Protagonista, qui, spesso è l’universo contadino, a cui l’autrice è visceralmente legata da un punto di vista biografico: affidata a una famiglia tirolese (vedeva i genitori nella vacanze estive), ebbe un’infanzia da pastora, che più volte si affaccia tra i versi attraverso il ricordo o tramite considerazioni che rivelano un’indole imparentata all’essenza delle cose, alle loro radici più semplici e fonde: «Mille volte povera, / solo la neve / sul cappello di paglia / m’appartiene, leggero / dono del cielo, / in paese straniero».

Altro tratto che contraddistingue questo mondo in poesia è la riflessione amorosa, mai scontata e capace, anche, di soluzioni creative ironiche, come si legge, ad esempio, in questi versi di Fedeltà in cui rievoca il triangolo sentimentale Ezra Pound-Dorothy Shakespear-Olga Rudge: «Diceva mio padre / fedeltà coniugale / spesso e volentieri salta / una generazione, / ma dall’elenco ragionato / degli avoli fidi / e infidi escludeva se stesso / sicché io arrivata al bivio / non so quale strada / inforcare, né mi ha mai spiegato / il meccanismo della prova / del nove in ma – / tematica. (Chiaro mi è / solo che / sono la √ / di due.)

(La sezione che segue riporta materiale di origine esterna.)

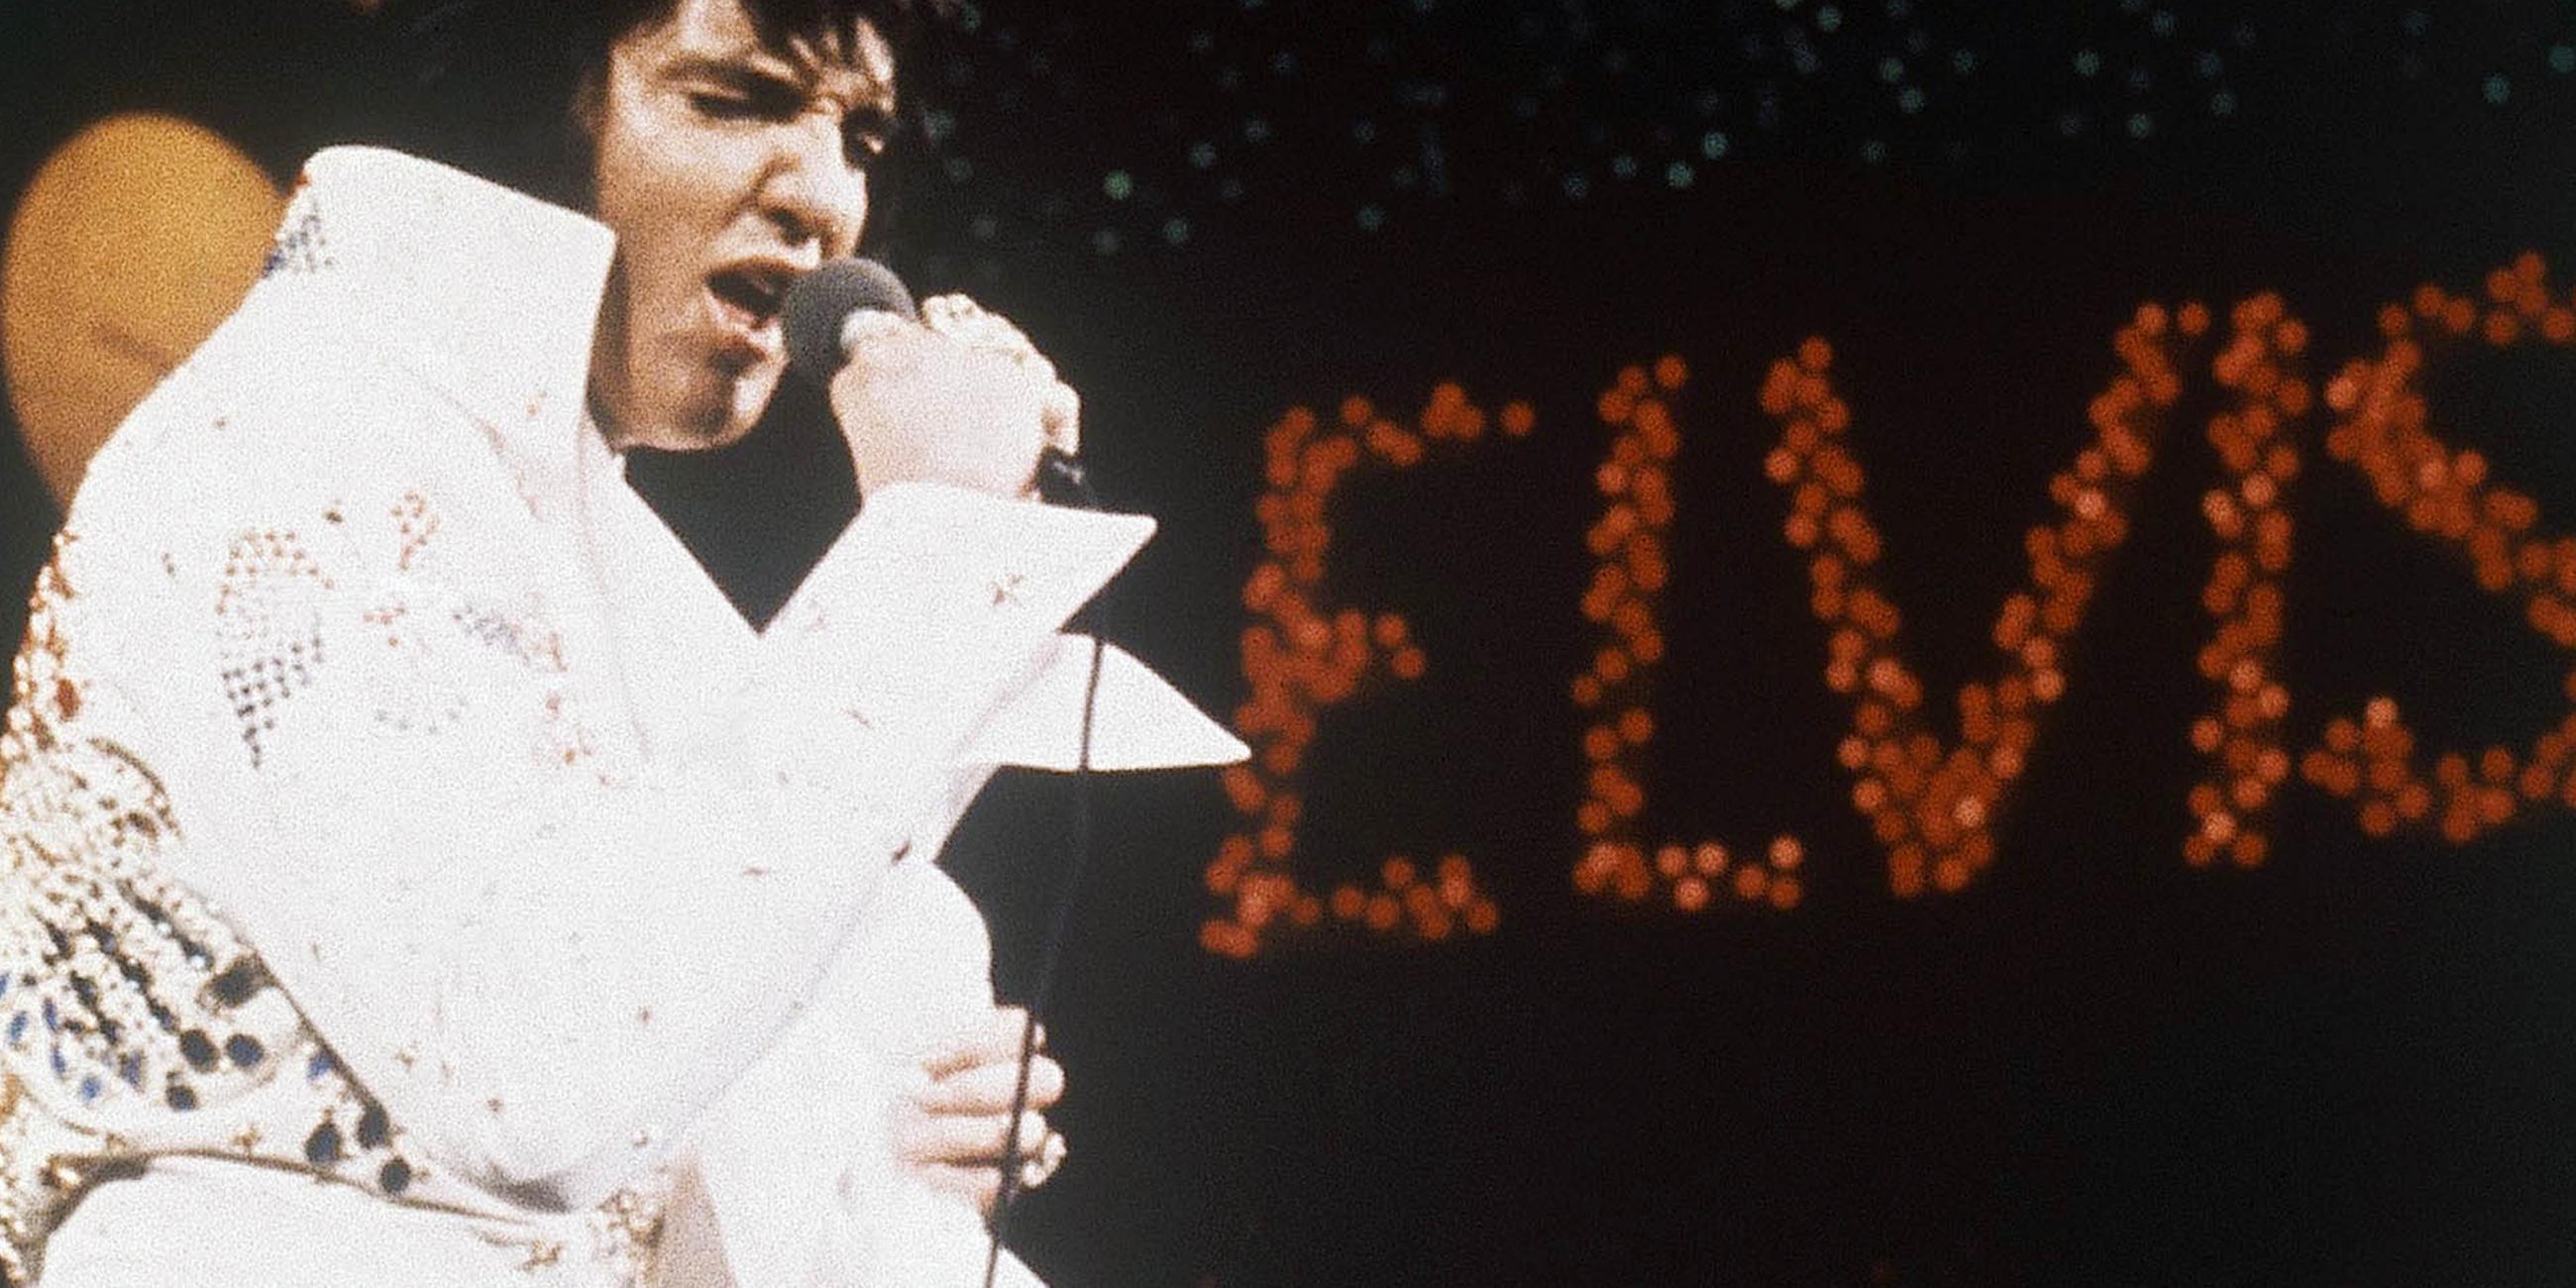 Nach einem Jahrzehnt mit zweitklassigen Kinofilmen will Elvis dann zurück auf die Konzertbühne. Er hat Drogen- und Alkoholprobleme.

E, sempre a proposito del padre Pound, non mancano (a chi li sa cogliere) alcuni riferimenti alla sua poesia – superbamente incastonati nel proprio preciso ed elaborato dettato – così come altri dedicati al suo discusso côté biografico. Nella poesia Soluzione, ad esempio, è possibile ravvisare un rimando ai noti fatti del ’45, quando, a causa del suo innamoramento per il fascismo e dei radio-discorsi per Radio Roma, Ezra Pound fu imprigionato (a dir poco barbaramente) dall’esercito statunitense in un campo di concentramento nei pressi di Pisa e, successivamente, incarcerato per dodici anni nel Saint Elizabeths Hospital di Washington: «Chi ha trasgredito / e da giusto / è stato punito, / chi per onor di gioco / ha pagato in contanti, / capirà che l’assoluzione / giunge sempre quando / più non serve perché / di già dentro di noi / s’è trovata la soluzione».

Bellissime pure sono le poesie che ritraggono attimi di quotidianità domestica fra le torri del castello di Brunnenburg, a Tirolo nel Trentino-Alto Adige, dove l’autrice risiede dal ’48 accogliendo, da sempre, studiosi e traduttori de I cantos provenienti da ogni dove: «Cara vecchia casa / corrosa dal tarlo / dal fungo di pietra / di legno a da muffa, / costruita su sabbia, / per quanto tempo ancora / potrò tenerti in vita / a furia d’amore / e forza di volontà?».

Leggere i versi della de Rachewiltz, forse, significa proprio questo: entrare in un libro quasi fosse un’abitazione in cui è passata la Storia con la «s» maiuscola – quella Storia che, secondo Montale, lascia «sottopassaggi, cripte, buche / e nascondigli» – per sentire tutto il peso degli incontri, degli eventi e delle perdite aleggiare come un odore antichissimo fra pagina e pagina, dove sono cadute le parole di chi è stato testimone e interprete di cent’anni di umanità.